*EXERCISE:* Every line from the one holding "banner Conceptronic" through the one holding "Selecting promotional products" in the data below must be returned exactly, both ends included, with pictures left out and nothing else added.

*INFORMATION SHOWN:*
=== Begin Enclosure ===

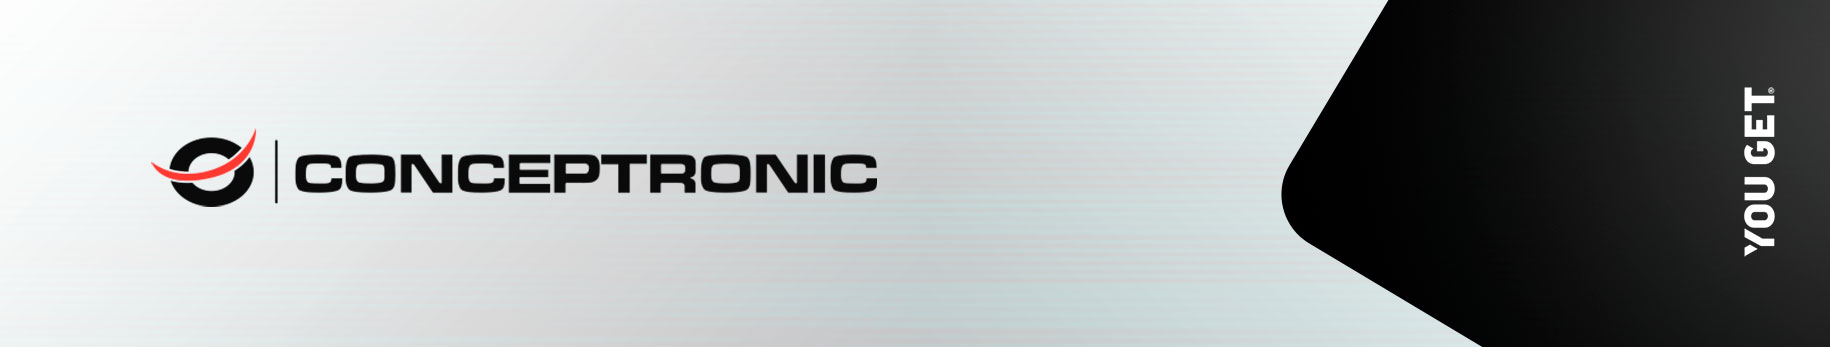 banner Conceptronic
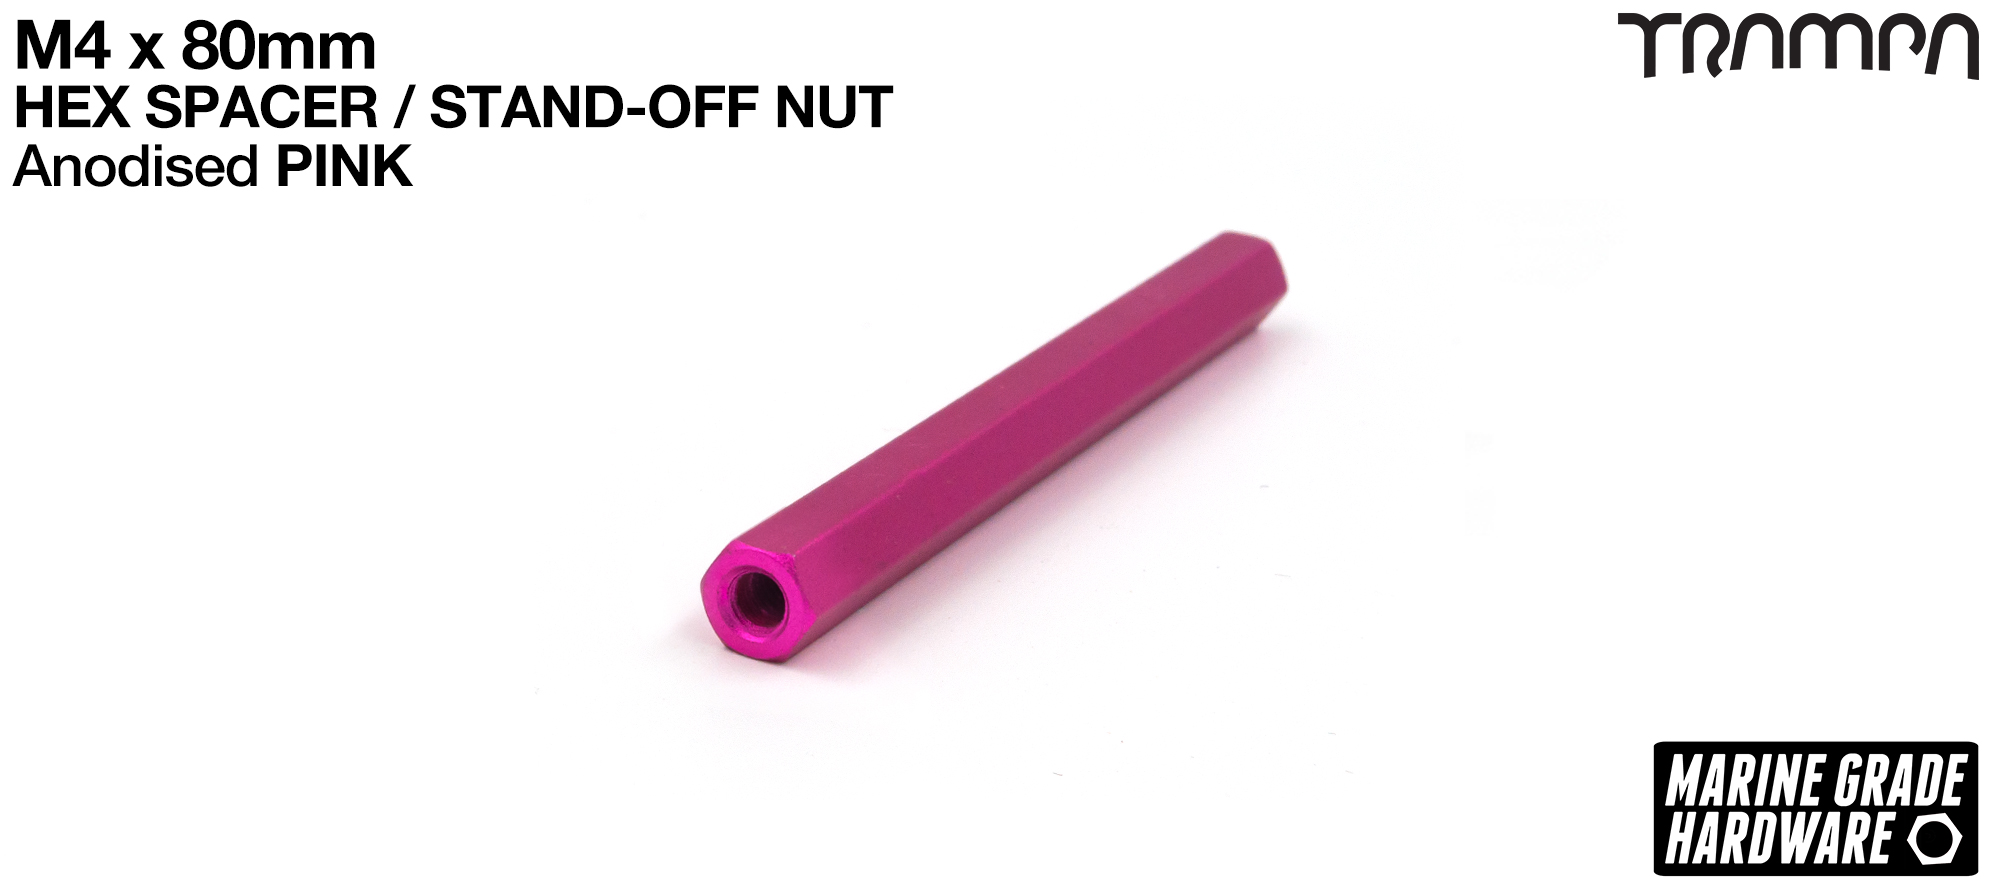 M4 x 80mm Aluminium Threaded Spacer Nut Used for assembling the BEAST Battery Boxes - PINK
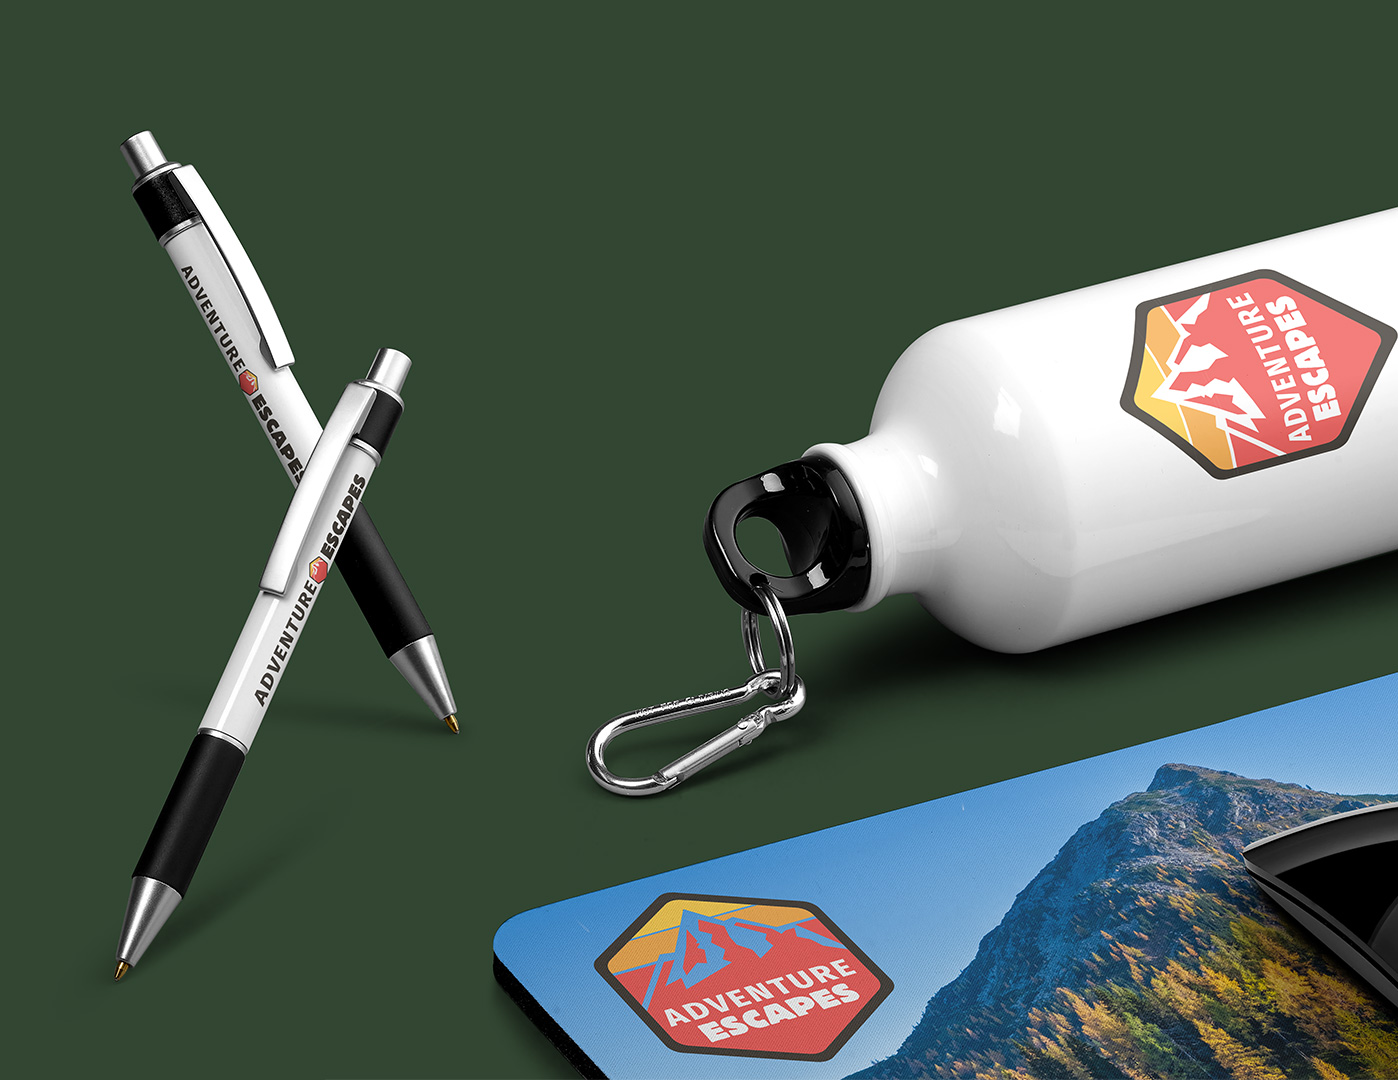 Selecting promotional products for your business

=== End Enclosure ===
=== Begin Enclosure ===

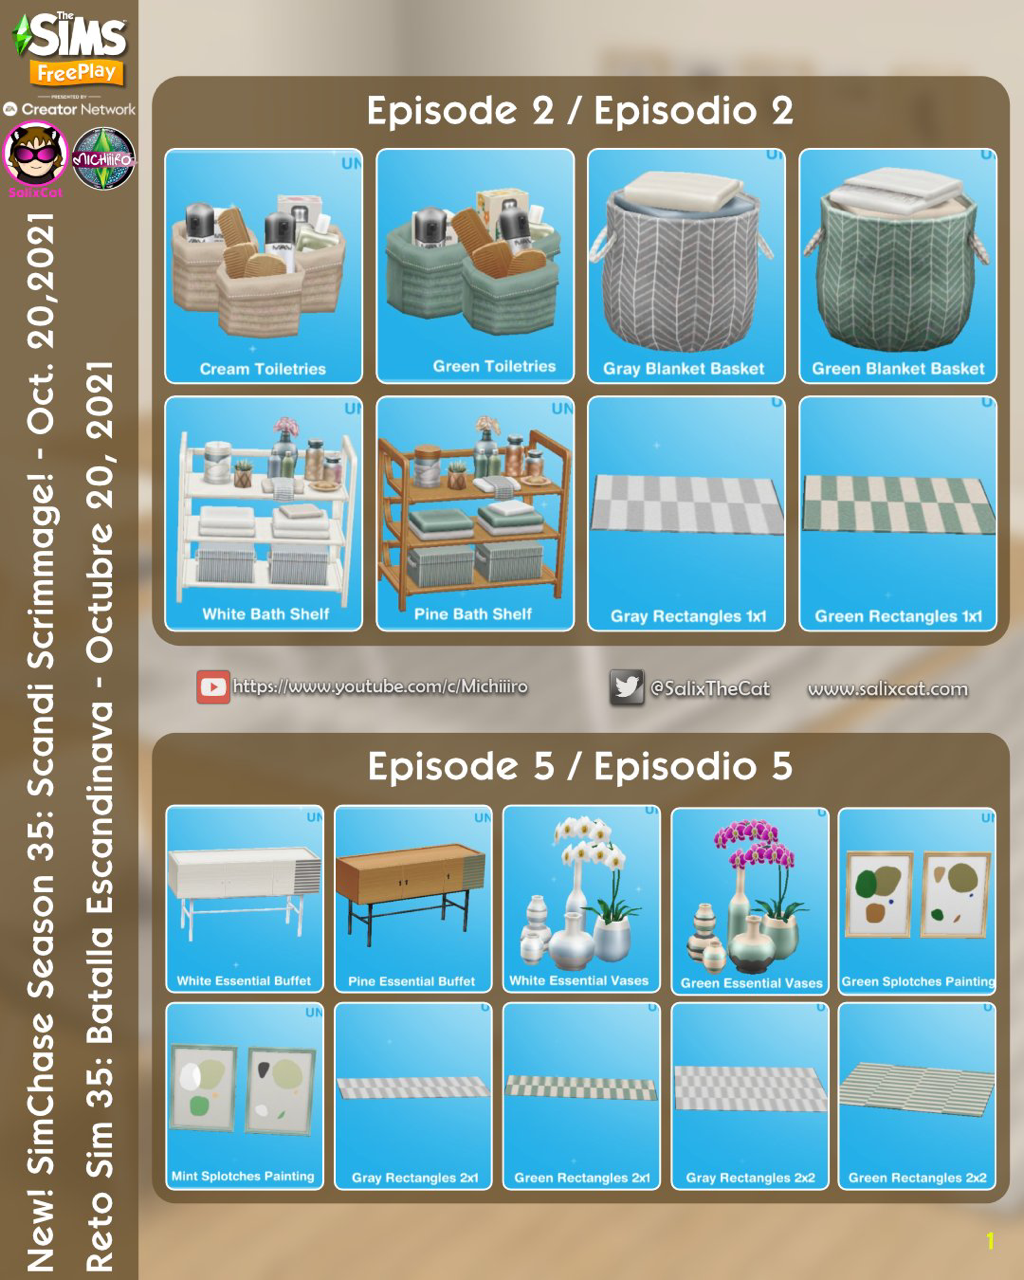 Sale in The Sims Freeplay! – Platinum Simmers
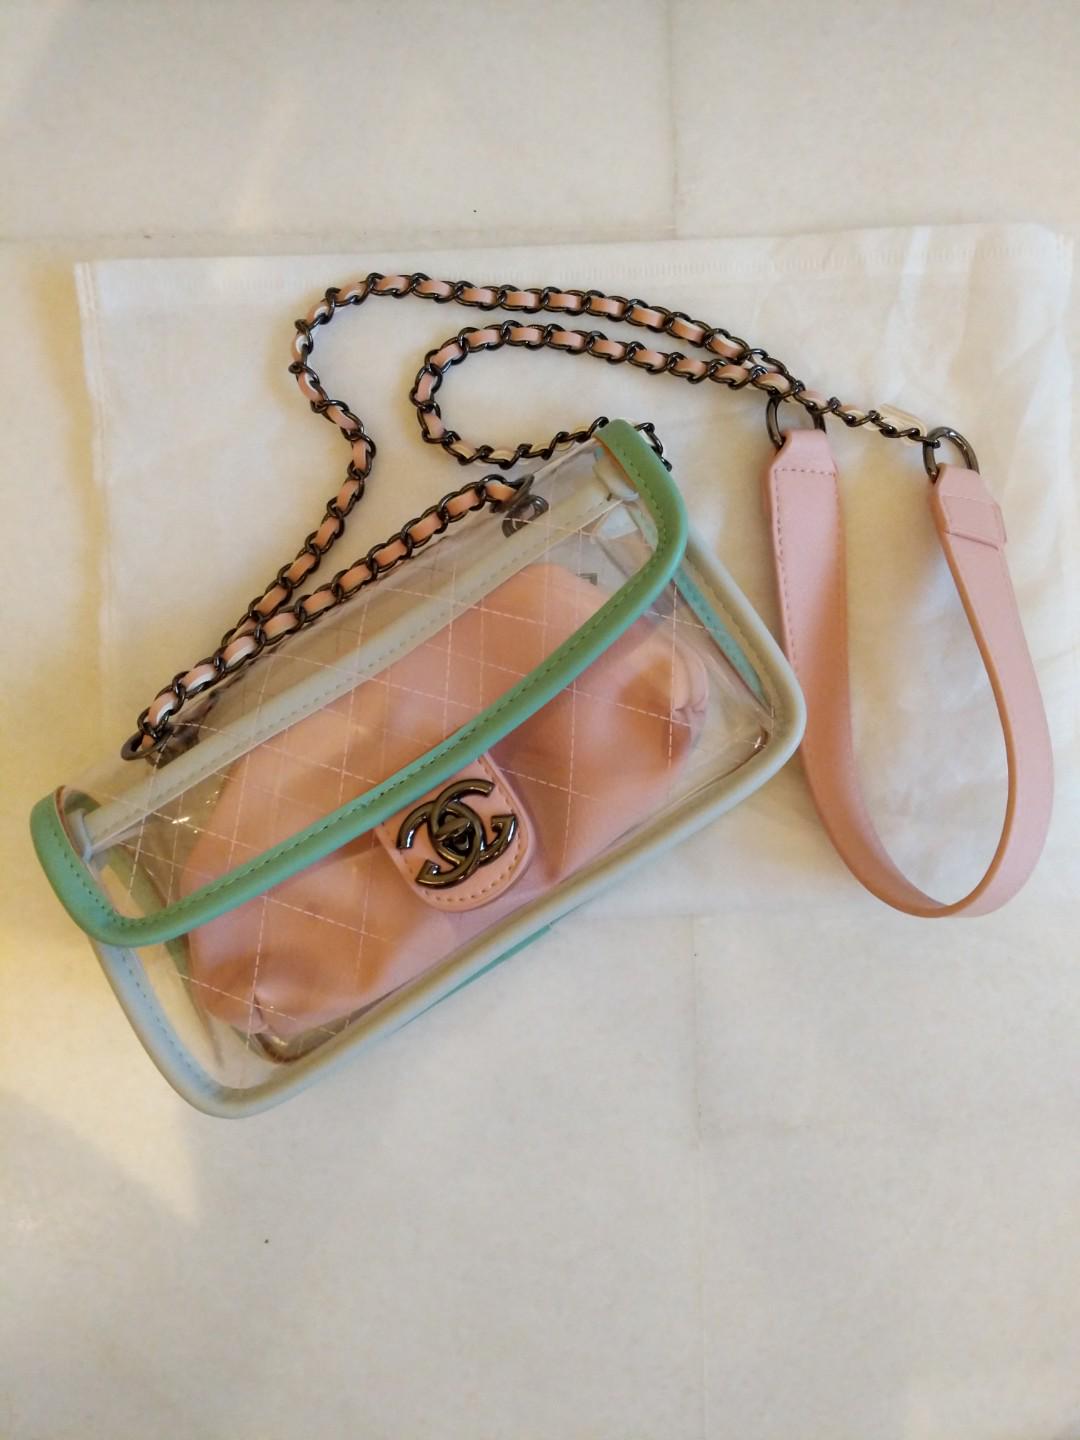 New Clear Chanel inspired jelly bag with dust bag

=== End Enclosure ===
=== Begin Enclosure ===

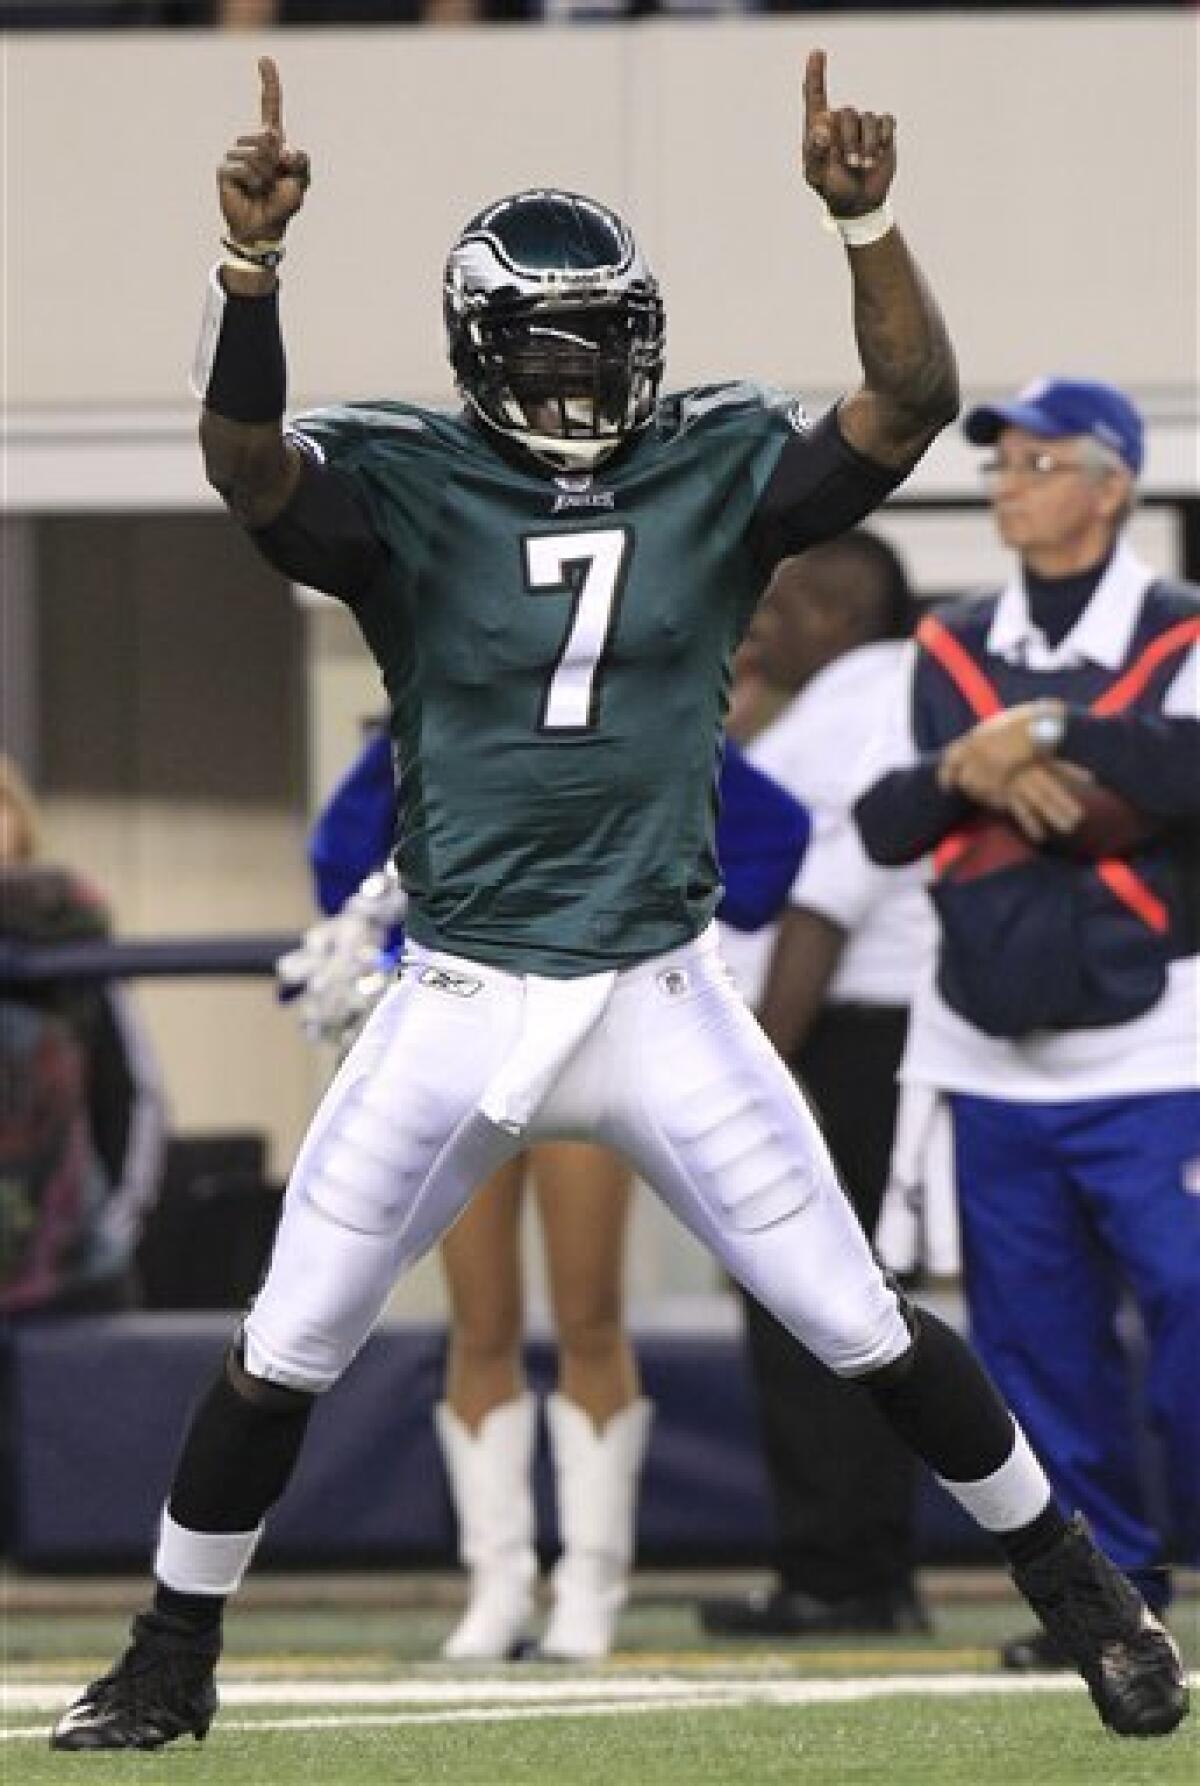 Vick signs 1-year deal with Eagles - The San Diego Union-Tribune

=== End Enclosure ===

*FINISHED TASK:*
 banner Conceptronic
 M4 x 80mm Aluminium Threaded Spacer Nut Used for assembling the BEAST Battery Boxes - PINK
 Selecting promotional products for your business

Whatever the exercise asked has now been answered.